Выбрать главу

И все-таки я остаюсь при своем. Есть так много мелодий, которые совершенно не соответствуют смыслу текстов и искажают их до неузнаваемости. Взять хоть «Адон олам» – есть такая маршеобразная мелодия: поют – скандируют, ать-два, ать-два… Автор слов пиюта и в кошмарном сне не помышлял о чем-то похожем. Да… Сочинили к некоторым прекрасным словам музыку, словно из питейного заведения… (Смеется.)

З.К.: А мелодии покойного Карлибаха?

Рав: Так у него в основном обработки уже существующих мелодий. Вы поймите – мелодии-то в порядке, вот их связь с текстом зачастую кажется мне сомнительной.

З.К.: Но положив стихи на музыку можно обнаружить новый смысл, а значит, есть у этого процесса дидактическая нагрузка. Словно еще одно толкование. А если мы, как хасиды, возьмем одну строку из Писания и давай ее на разные музыкальные лады выворачивать, глядишь – и поймем в ней что-то новое.

Рав: Что ж, всякий хороший хазан делает именно то, что вы сказали. Потому что хазан выбирает музыку. Если он понимает, что поет, и если он уважительно относится к публике, он дешевую мелодию петь не станет. Но ведь бывает, что хазан публику не дооценивает и выбирает, что попроще.

Есть у меня история. Возвращается один хасид от своего цадика и говорит, что цадик научил его петь строки псалма «Возведите очи к небесам – и увидите, Кто создал их?». И вот он спел этот стих перед одним миснагедом, евреем, который не был хасидом. И надо же – этот миснагед весь загорелся: «Слушай, да ведь я на этот стих читал семьдесят толкований, а такого – не знаю. Отчего же твой цадик его не запишет?!» Вот что может хорошая мелодия!

З.К.: До сих пор мы говорили о рациональном аспекте молитвенной музыки. Но ведь музыка прежде всего эмоция. Музыка обращена к чувству, а молиться надо с полной концентрацией на тексте. Нет ли противоречия в том, что молитву поют? Разве музыка не вредит каване (т.е. состредоточенности молящегося)?

Рав: Еще как вредит!

З.К.: А с другой стороны, евреи часто поют без слов, особенно хасиды.

Рав: В связи с этим расскажу вам такую историю. У Гурского ребе есть хор. Очень хороший хор, просто необыкновенный! Его хасиды поют без слов, без музыкального сопровождения. Время от времени вступает хазан, но он обычно не поет, а декламирует текст. Их мелодии – совершенно особенные, как пели хасиды в Гуре, но в новой обработке. Гурские напевы ни с чем не спутаешь.

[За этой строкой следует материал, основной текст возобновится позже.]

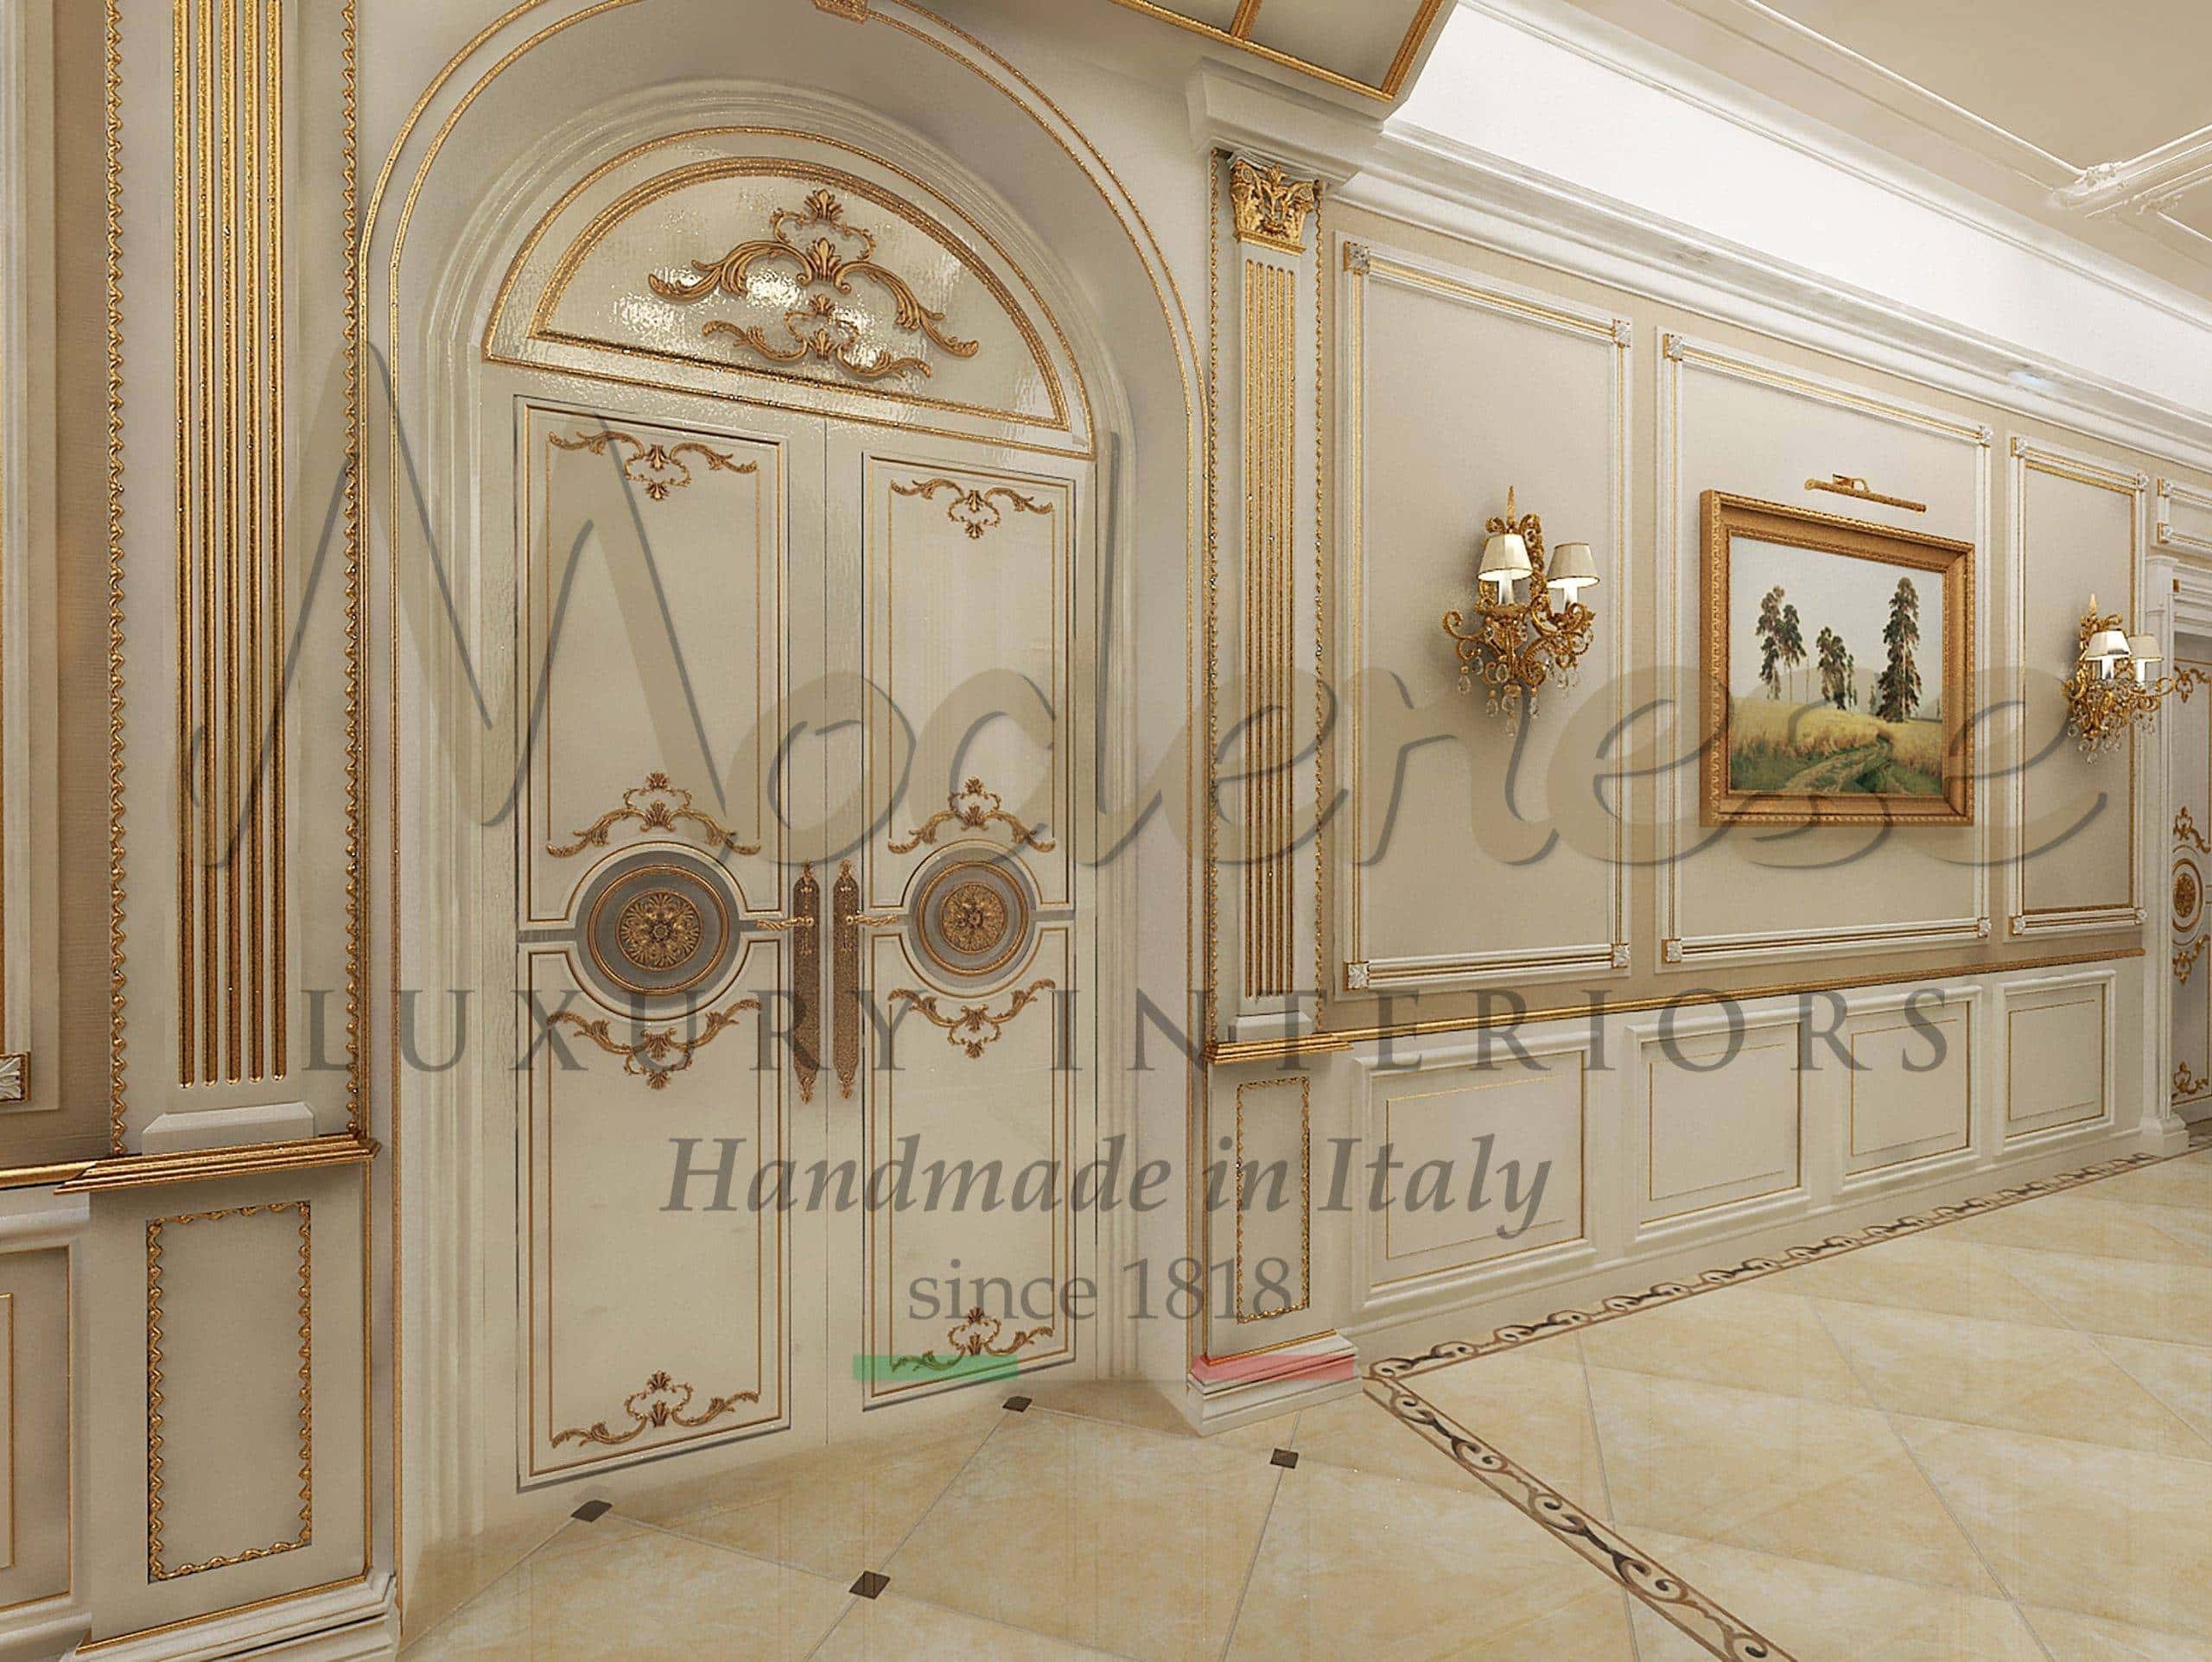 projekt vybavení interiéru designové služby luxusní tradiční ručně vyráběné dveře na zakázku klasický barokní styl plátko é zlato masivní dřevo exkluzivní jedinečný elegantní viktoriánský desig

Так вот, однажды я был у них на Рош ѓа-шана. Смотрю я, публика реагирует на пение как-то странно. А мелодия – длинная-длинная. И люди слушают, и возбуждение их все возрастает. В чем же дело? Оказывается, хор исполнил ту самую мелодию, которую в последний раз пели на Рош ѓа-шана у себя в Гуре – осенью 1940 года. От той жизни сегодня ничего не осталось. Гурские хасиды обитают теперь в Израиле. Во многих та музыка всколыхнула тяжелые воспоминания. Ее эмоциональная нагрузка была гораздо больше, чем просто эстетическое впечатление.

Если синагогальная музыка связана со словами, то хасидская музыка в чистом виде передает эмоцию. Иногда простую, иногда сложную.

У хасидов были целые династии музыкантов. В первых поколениях после Бешта почти все цадики были музыкально одаренными, создавали свои напевы и песнопения. Но в хазаны они не шли, даже в последующие годы. Был в Модице цадик – прапрадед того, что живет сегодня. И нынешний тоже музыкален. Да… Так вот, тот давний цадик из Моджица – он заболел и поехал в Берлин, где ему должны были делать операцию. Но сердце у него было слабое, и наркоз ему делать было нельзя. Что же? Стали оперировать без наркоза. Его режут, а он глядит себе в окно и подбирает мелодию к пиюту на Судный день: «Эле эзкера». Это пиют о казненных римлянами десяти еврейских мучениках. Он имеет по строфе на каждую букву алфавита, и цадик сочинил к нему мелодию, которая длится не меньше получаса. Его звали раби Исроэл из Модица. Я этой мелодии не слышал, но ясно, что она не могла стать популярной в силу эмоции, в ней заложенной. Эту историю я рассказал, чтобы показать, что хасиды сочиняли музыку ради самой музыки. Музыку в чистом виде.